Goal of the exercise
Directions for the data below: repeat exactly the lines from the one with "Timid as a bear. Ediz. a colori" through the one with "cat resting on blanket", both included, and omit all pictures.

::: Record set :::

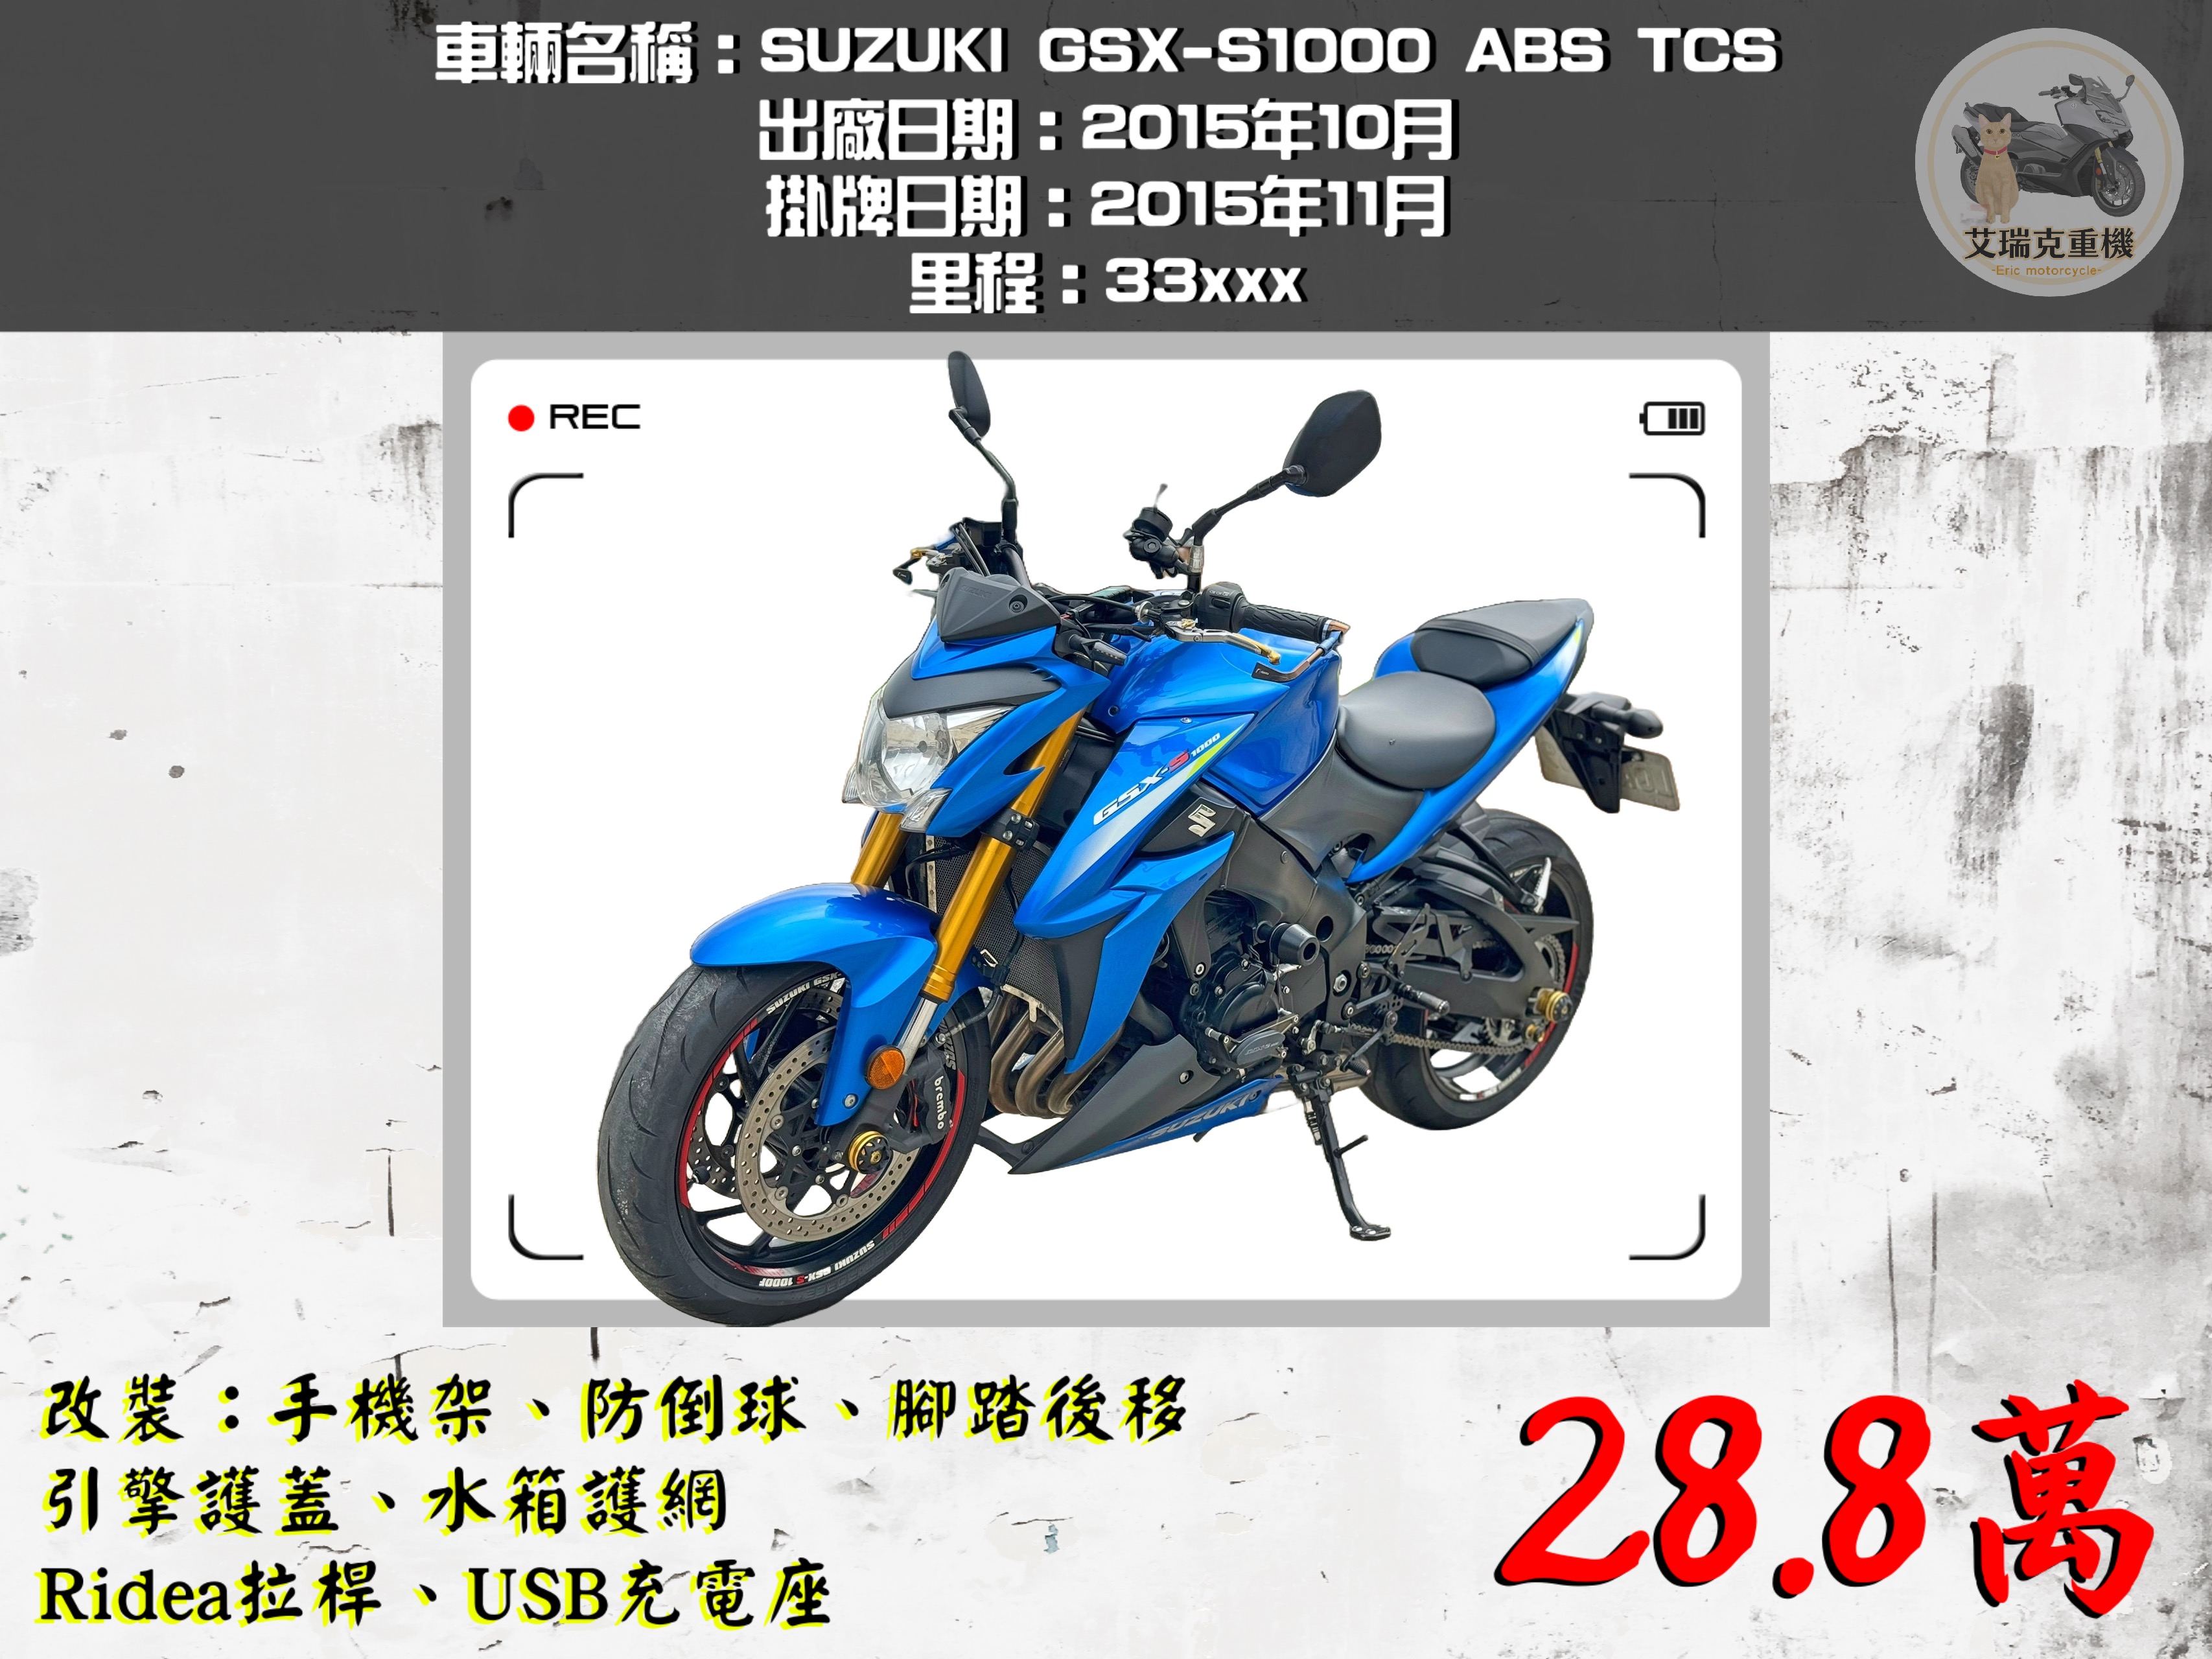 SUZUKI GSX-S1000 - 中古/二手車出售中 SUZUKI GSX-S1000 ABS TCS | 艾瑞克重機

:::
::: Record set :::

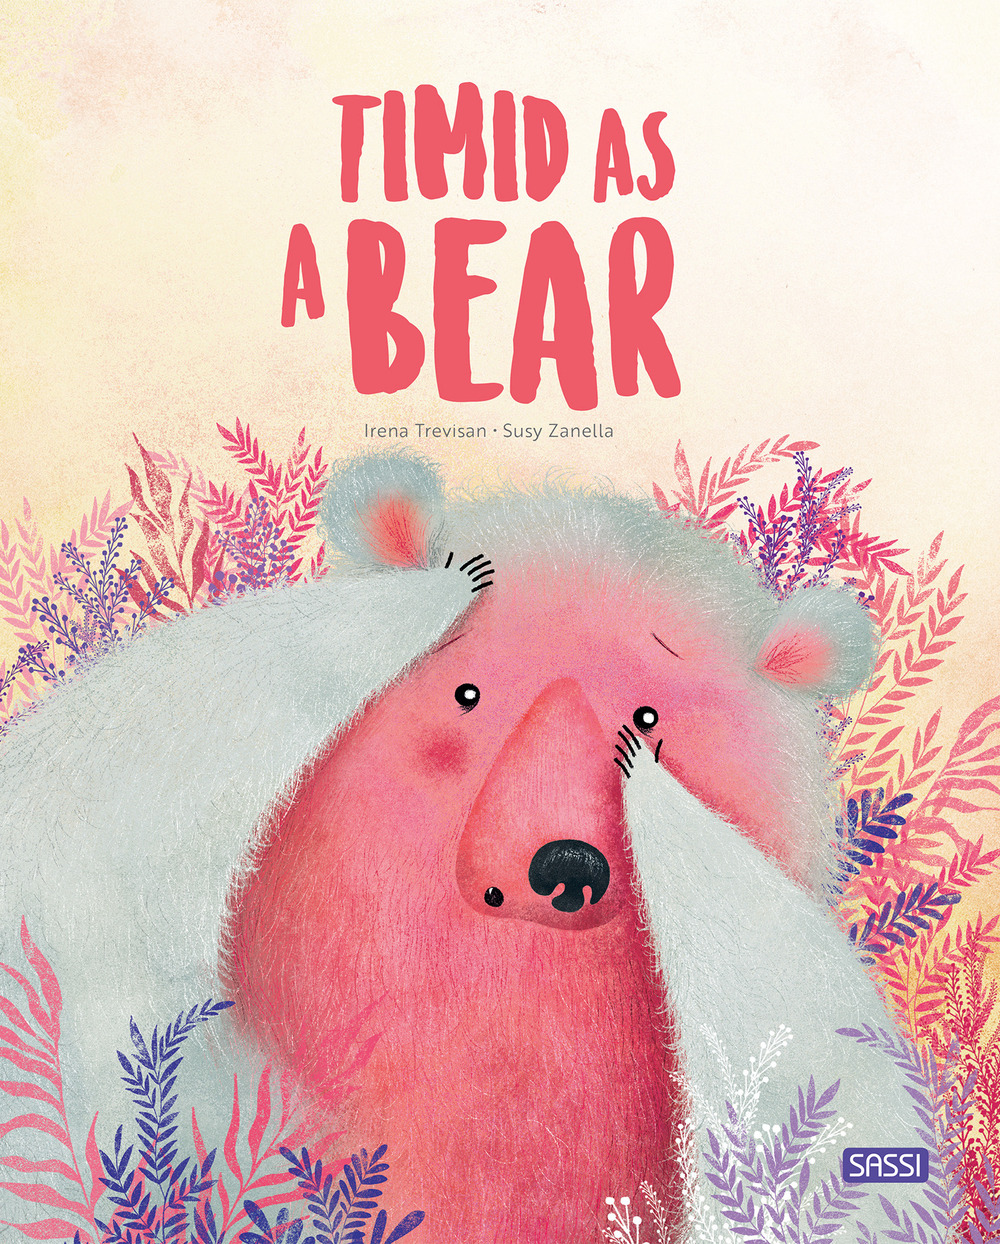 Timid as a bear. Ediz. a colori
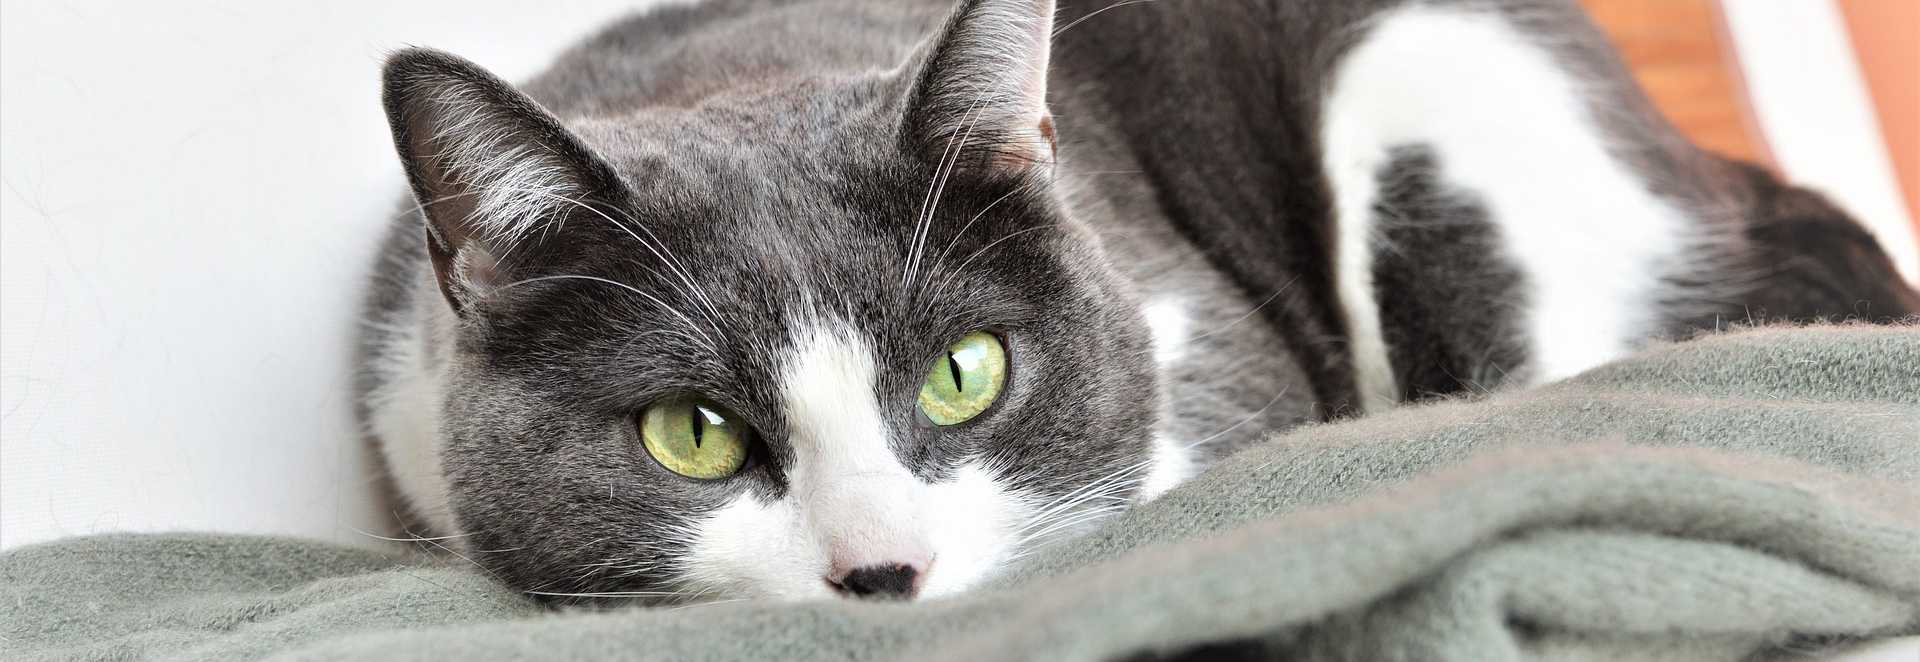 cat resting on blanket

:::

Answer to this task
 Timid as a bear. Ediz. a colori
 cat resting on blanket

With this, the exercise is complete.